Default behavior is this:
- LED circuit is on the Normally Open side of the ModeSwitchRelay and passes through the Interrupter
- CCFL circuit is on the Normally Closed side of the ModeSwitchRelay and receives steady voltage

Let me know if I'm way off base...

[Neebio]

Here's an updated version of the circuit with some resistors added in.  This is assuming that both LEDs (the one in the rocker switch and the one for esc key) are 3.3V forward voltage at 20mA.  I also added in a resistor I forgot previously that prevents basically short circuiting the 5V to ground... (the 10K)
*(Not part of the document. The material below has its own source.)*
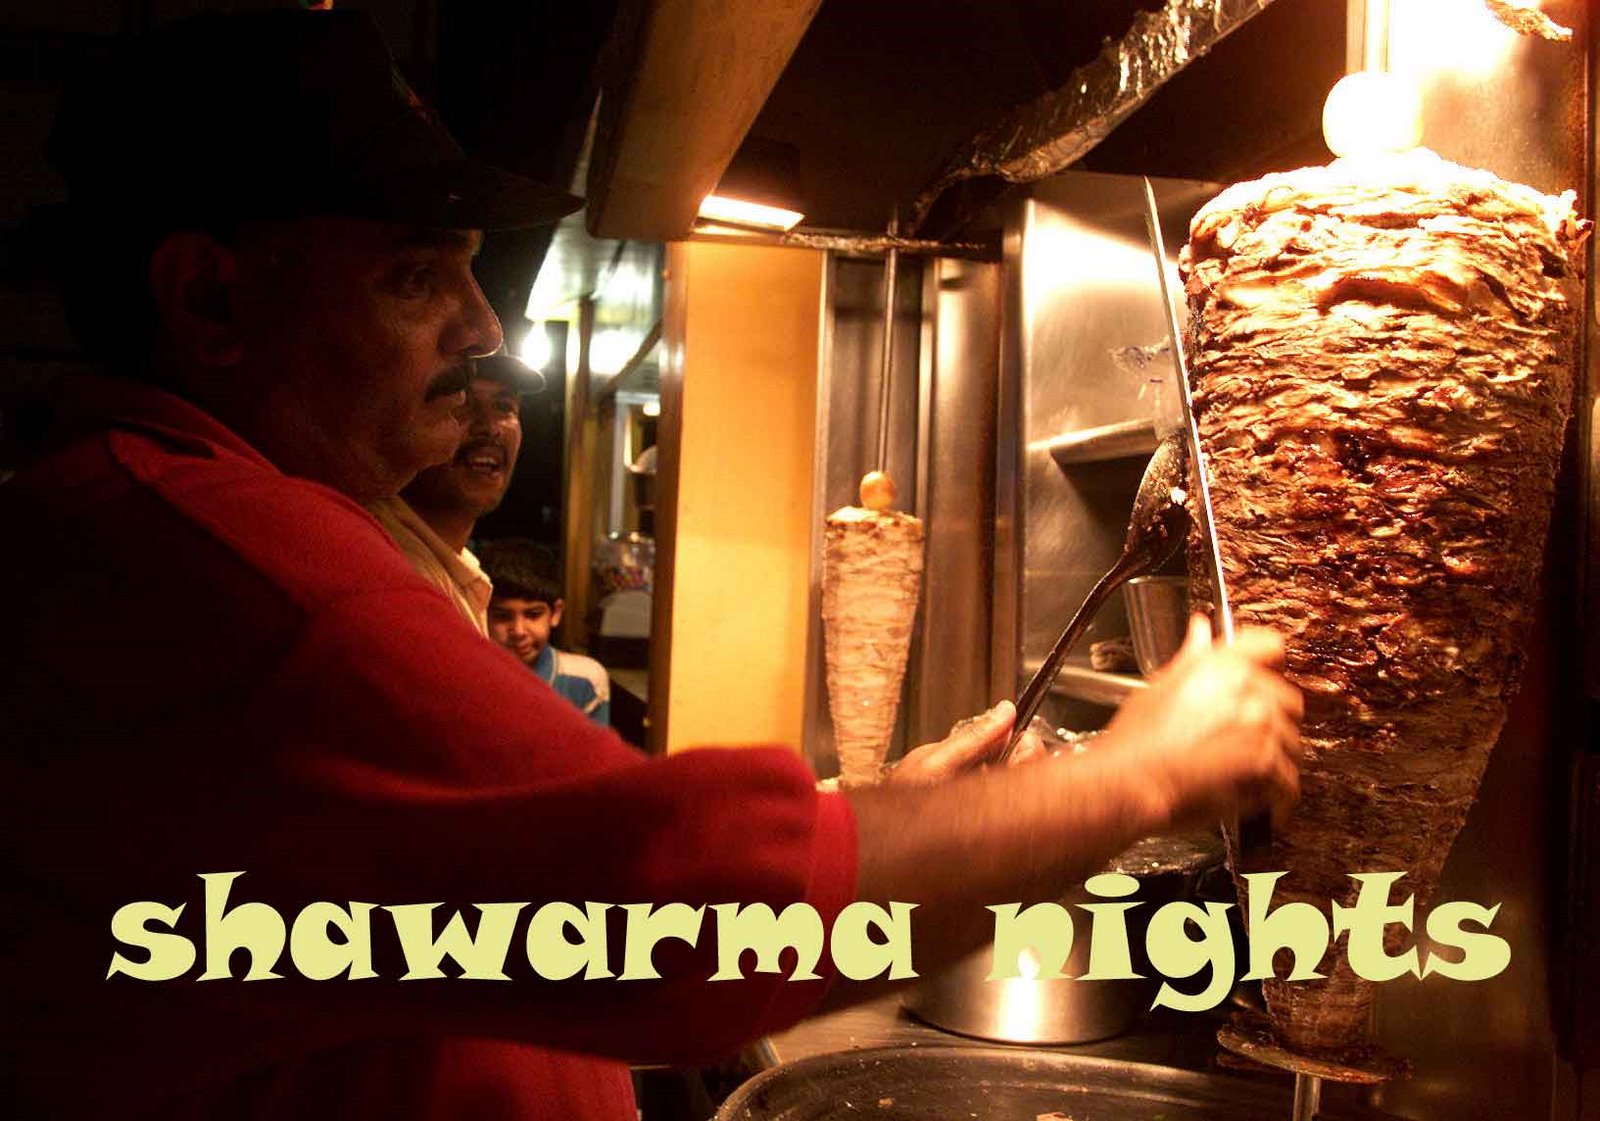 Shawarma Nights

By the way, I really don't actually know, but I think flickering the power to the inverter won't do any harm, but what you can do if you're worried about it is run the output of the inverter through the relay instead of the input to the inverter.  So instead of running the 12V DC through relay #2 and #3, run whatever the inverter spits out (120V AC?).  I think this would be the cautious way to reduce risk of essentially strobing the inverter.

Revised Diagram:


I took a look at Regack's diagram as well (after revising the original diagram above) and it looks like it would also work.  I think there are some issues with it with respect to which pins of the top DPDT relay are connected to what, causing inverted signal stuff.  But by the looks of it, it should work.  My only concern with it is related to my above concern about whether it's better to flip the switch on the DC power to the inverter or the AC output from the inverter.  You would definitely need a different relay for the AC power (since much higher voltage).  If that's the case, the original diagram may be better since the relays are split apart and it would be easy to replace one for a higher capacity relay without affecting the rest of the circuit.